Making the AI agent feel human and not robotic was harder than expected too. Early versions repeated the same message every single time because Gemini at temperature zero is completely deterministic. We fixed this by building a dedicated buddy message endpoint with randomized tone prompts and higher temperature so every response feels fresh. We also ran into Gemini API quota limits on the free tier mid-build which forced us to debug fast and switch models. On the frontend, getting the Smiski character to only fire its session start greeting once and not re-trigger every time the user went on break took more work than expected. And merging two teammates working on the same component simultaneously also created some interesting conflicts we had to carefully resolve.

Accomplishments that we're proud of

Getting the full pipeline working end to end is something we are genuinely proud of. Screen monitoring, webcam activity detection, Markov chain and Gemini classification, K2 Think V2 reasoning, ElevenLabs voice, Smiski companion, voice note logging, and the Chrome extension all talking to each other in real time is no small thing for a hackathon timeline.

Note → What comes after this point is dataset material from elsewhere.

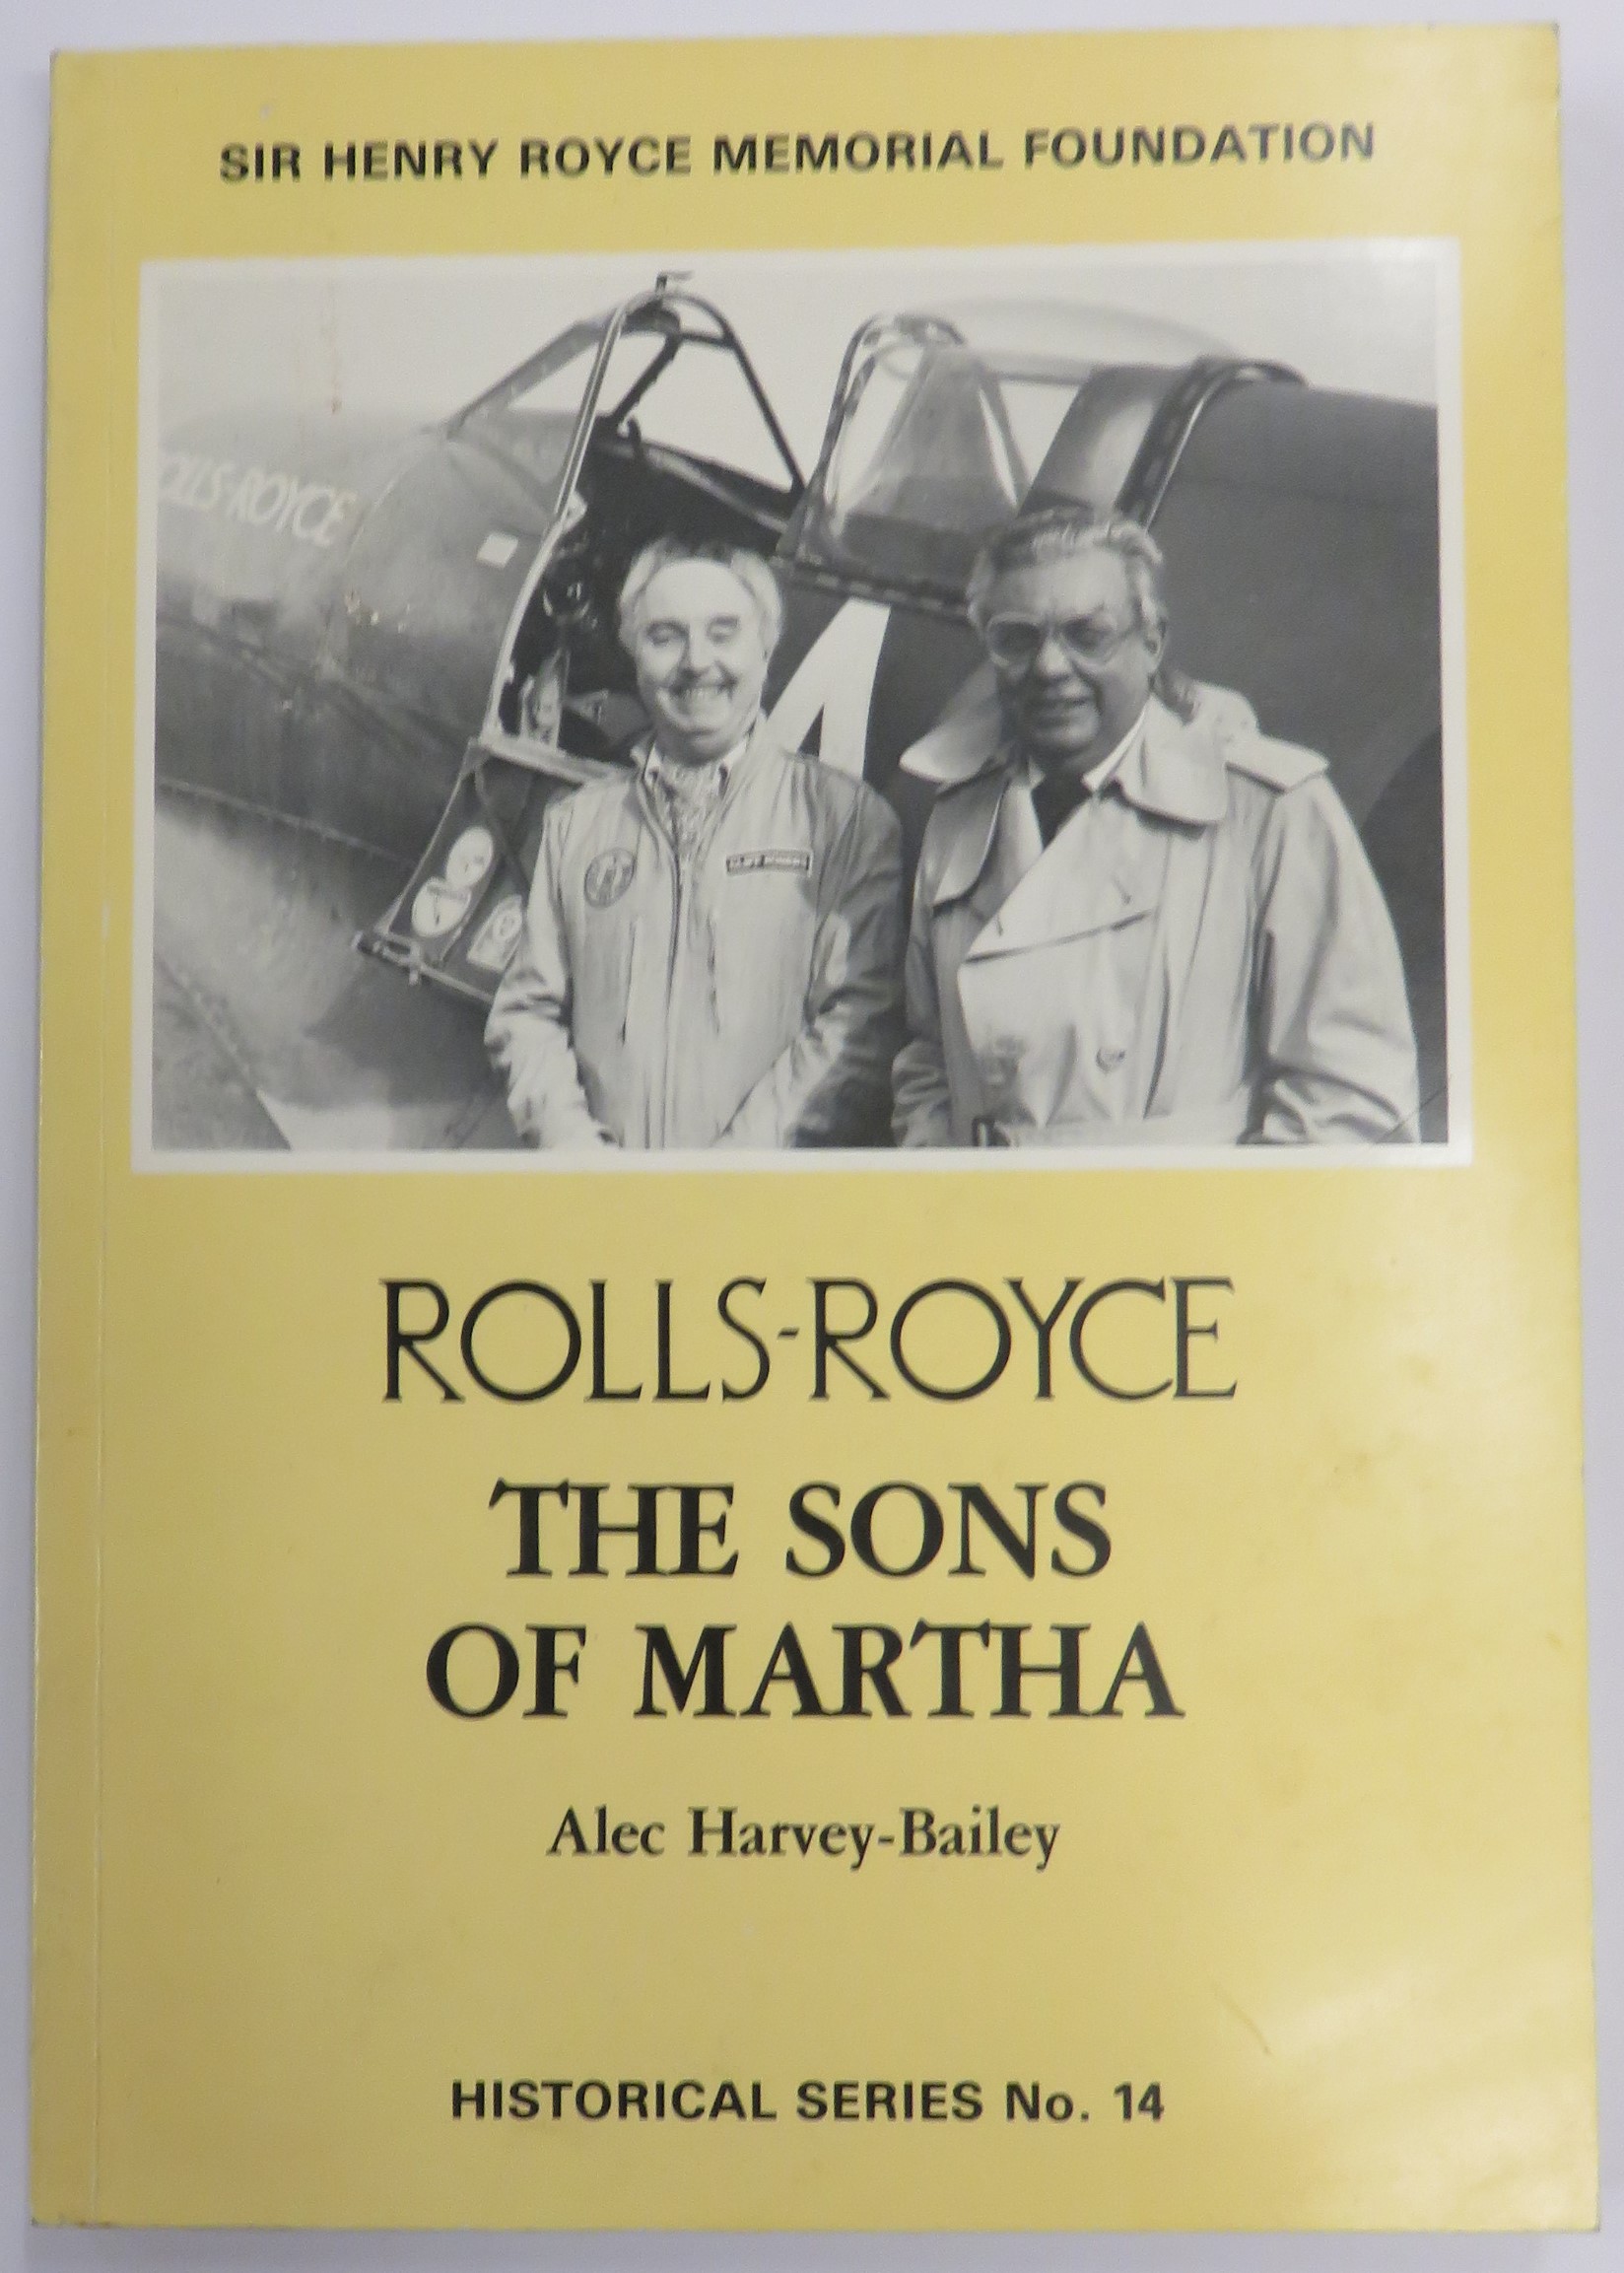 Rolls-Royce The Sons of Martha

We are really proud of how deep the reasoning goes. K2 does not just detect drift, it infers why you drifted, what your psychological state is, and picks the intervention that actually fits that moment. That level of personalization is something no existing focus tool comes close to.

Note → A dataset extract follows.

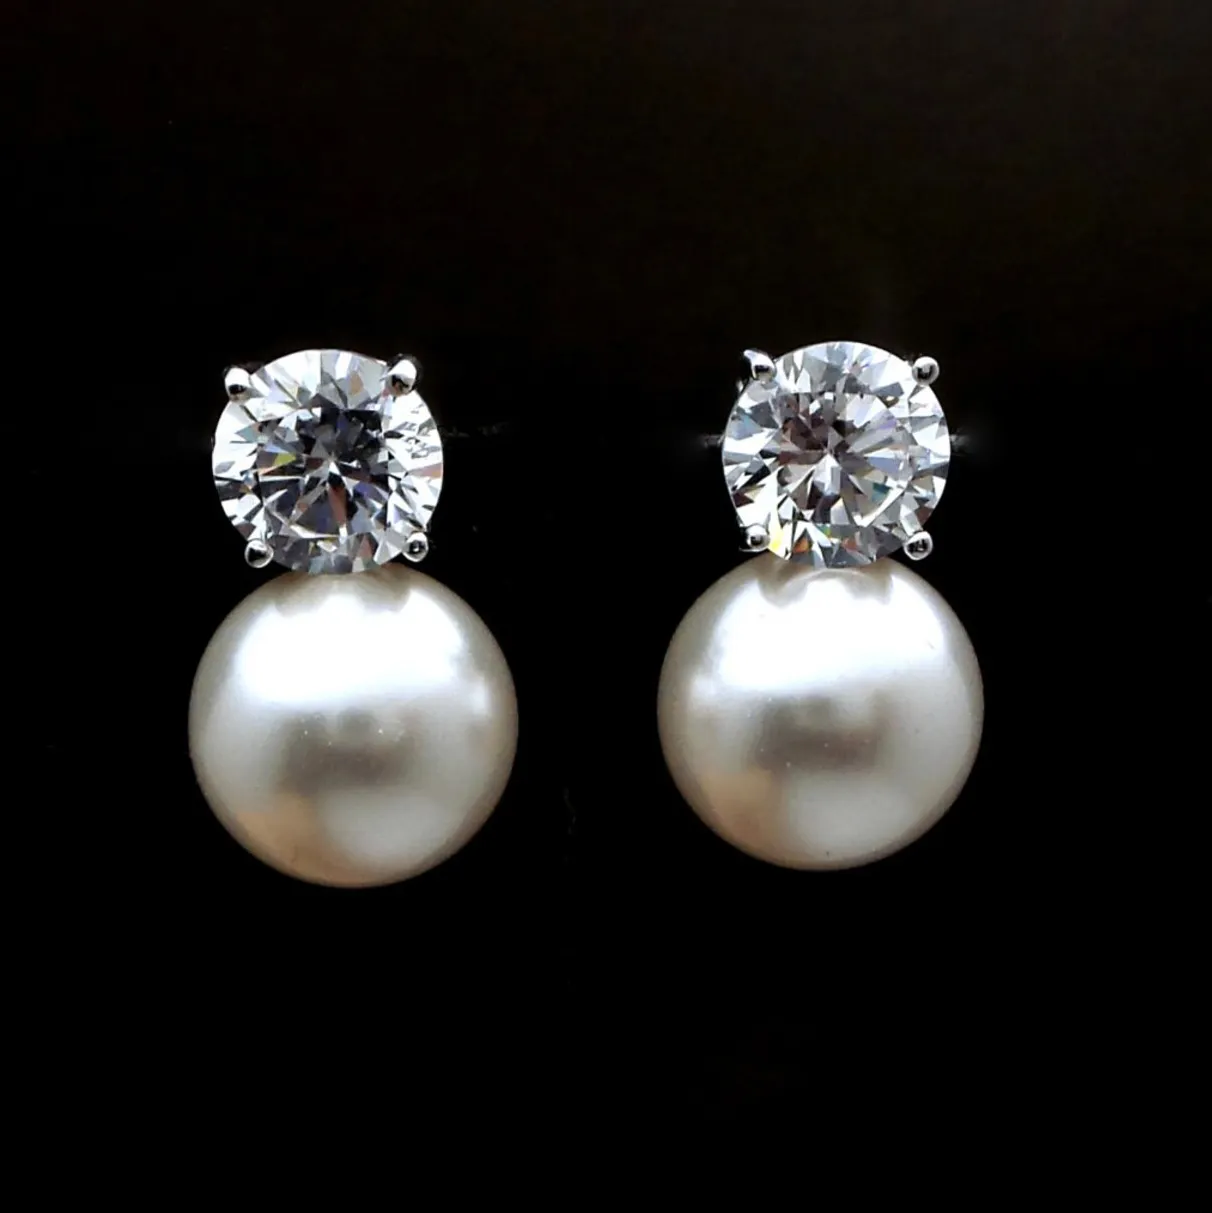 CAOSHI New Arrived Luxury CZ Cubic Zirconia Earrings Stud Jewelry Silver Plated Women Round Freshwater Pearl Drop Earrings

We are also proud of the personalized drift pattern learning. Using super memory the system builds a picture of your behavior across sessions and starts getting ahead of your triggers before they happen, which feels like a genuinely meaningful step toward something that adapts to you as an individual rather than treating everyone the same.

And we are proud of how the companion actually feels. The messages are warm, varied, and contextual in a way that does not feel like a notification or a system. It genuinely feels like something is watching out for you, and getting that right took a lot of iteration.

What we learned

That ADHD is not a willpower problem and building for it requires a completely different design philosophy. We learned how to integrate a deep reasoning model like K2 Think V2 into a real time pipeline without introducing latency that breaks the user experience. We learned a lot about running LangChain agents without letting them become too aggressive, how to use MediaPipe Tasks for real time body landmark detection, and how to keep a WebSocket driven UI feeling snappy. We also learned that making AI feel human is way harder than making it functional, and that the emotional design of a product matters just as much as the technical architecture.

What's next for Anchor

We want to add Google Calendar integration so Anchor knows when your deadlines are and adjusts how hard it nudges you. We are building a mood check-in at the start of each session so Smiski adapts its tone to how you are actually feeling that day. A parent and coach dashboard is on the roadmap for younger users so they can share session summaries with someone who supports them without any privacy concerns. The bigger vision is a focus layer that learns your personal drift patterns over time and gets ahead of them before they even happen.